The Baier test requires a claimant who asserts a positive entitlement to expressive freedom to satisfy three criteria:

(1) The underinclusion claim must be grounded in a fundamental Charter freedom rather than access to a particular statutory regime.

(2) Exclusion from a statutory regime must substantially interfere with activity protected under section 2 of the Charter. The exercise of such activity need not be impossible, but the claimant must seek more than a particular channel for exercising it.

(3) The state must be accountable for the inability to exercise the fundamental freedom; underinclusion must substantially orchestrate, encourage, or sustain the violation of fundamental freedoms.

Baier narrowed the scope of expressive freedom. Justice Fish noted in dissent that the Court has historically interpreted freedom of expression broadly and associational freedom narrowly (paras 99-100). It is therefore ironic that the Court cross-fertilized the broad section 2(b) Charter entitlement using the narrower section 2(d) entitlement.
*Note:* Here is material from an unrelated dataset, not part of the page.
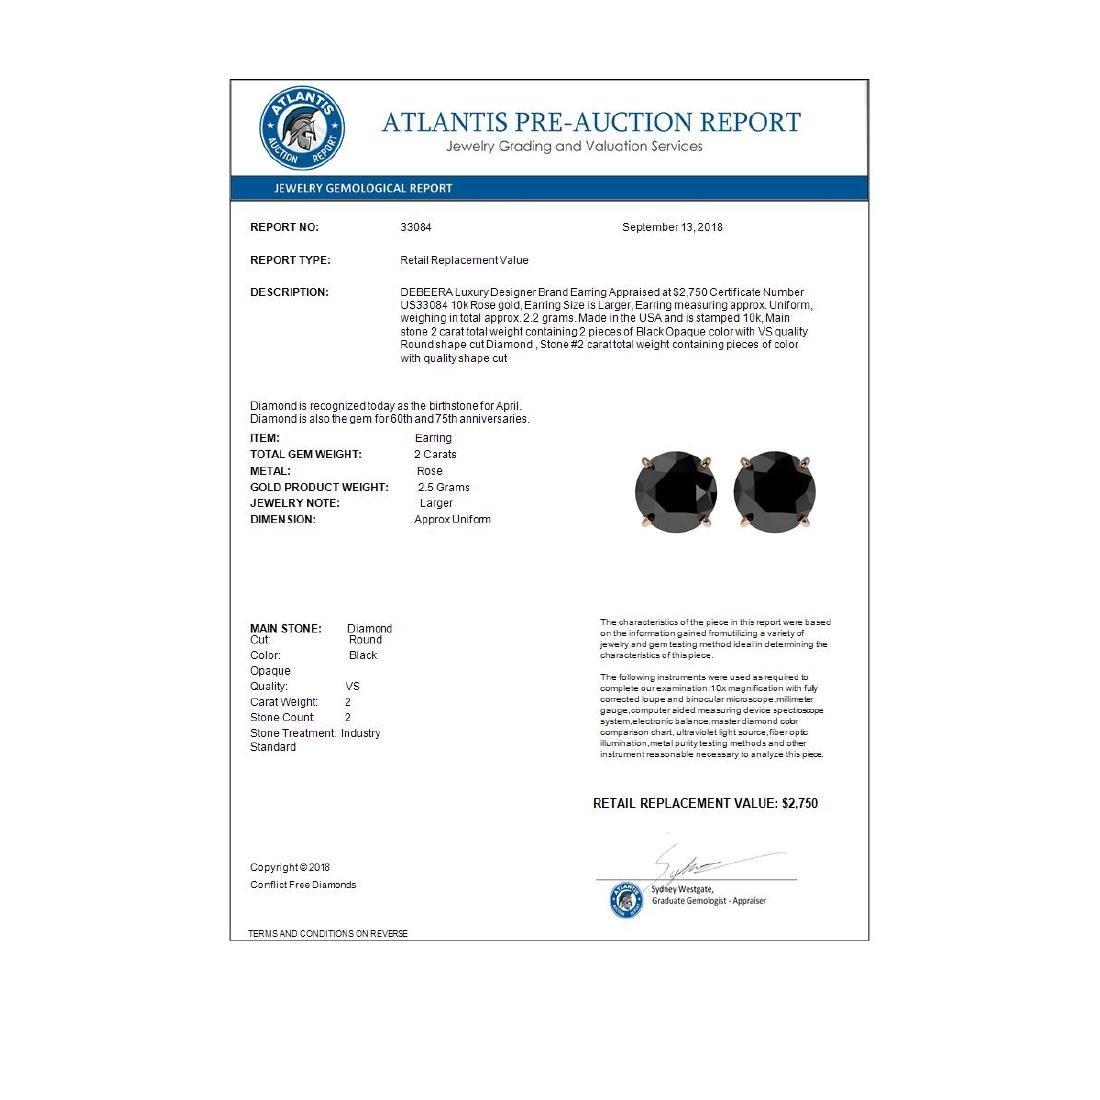 2 CTW Fancy Black VS Diamond Solitaire Stud Earrings - 4

In this comment, I argue that the Baier test harbours an inherent logical flaw. This flaw was overlooked in Dunmore because the Court fixed on the labour relations context out of which Dunmore arose. In Baier, Alberta legislation regulating provincial school board trustee elections prohibited the claimants, who were teachers, from being trustees. The Court denied the teachers’ claim that the legislation was an underinclusive expressive platform that contravened section 2(b) of the Charter. I suggest that the Baier test’s flaw may not have restricted freedom of expression in Baier if the Court took into account the context out of which Baier arose, as it did in Dunmore.

II

The Baier test’s flaw concerns its first two criteria. A positive claim for inclusion in a statutory platform to protect expressive freedom satisfies the first criterion only if it is pitched in general terms. Only general claims are grounded in fundamental freedoms that antecede particular statutory regimes. Specific claims resemble claims for access to a particular statutory regime. When applying the first criterion in Baier, Justice Rothstein construed the teachers’ claim specifically, i.e., as a claim to become school board trustees to express themselves. He held that the claim was for access to a particular statutory regime (paras 31-33). In dissent, Justice Fish construed the claim generally, i.e., as a claim to be able to express oneself in matters related to education. He held that it was grounded in a fundamental, pre-statutory freedom (para 105).

Now, a positive entitlement claim satisfies the second criterion of the Baier test only if it is pitched in specific terms. Only expressive activity that is described specifically is interfered with by underinclusive legislation. It is difficult to exercise specific expressive activities outside of the channel offered by a particular statutory platform. General expressive activities are exercisable in forums other than particular statutory channels. A claim for statutory protection of a general expressive activity therefore resembles a search for a particular channel to exercise that activity. When applying the second criterion in Baier, Justice Rothstein described the teachers’ claim generally, i.e., as a claim to be able express oneself in educational matters. The impugned underinclusive statute did not substantially interfere with this expressive activity. The teachers could express themselves in educational matters outside the statutory platform (para 40). Statutory trusteeship was a particular channel for such expression.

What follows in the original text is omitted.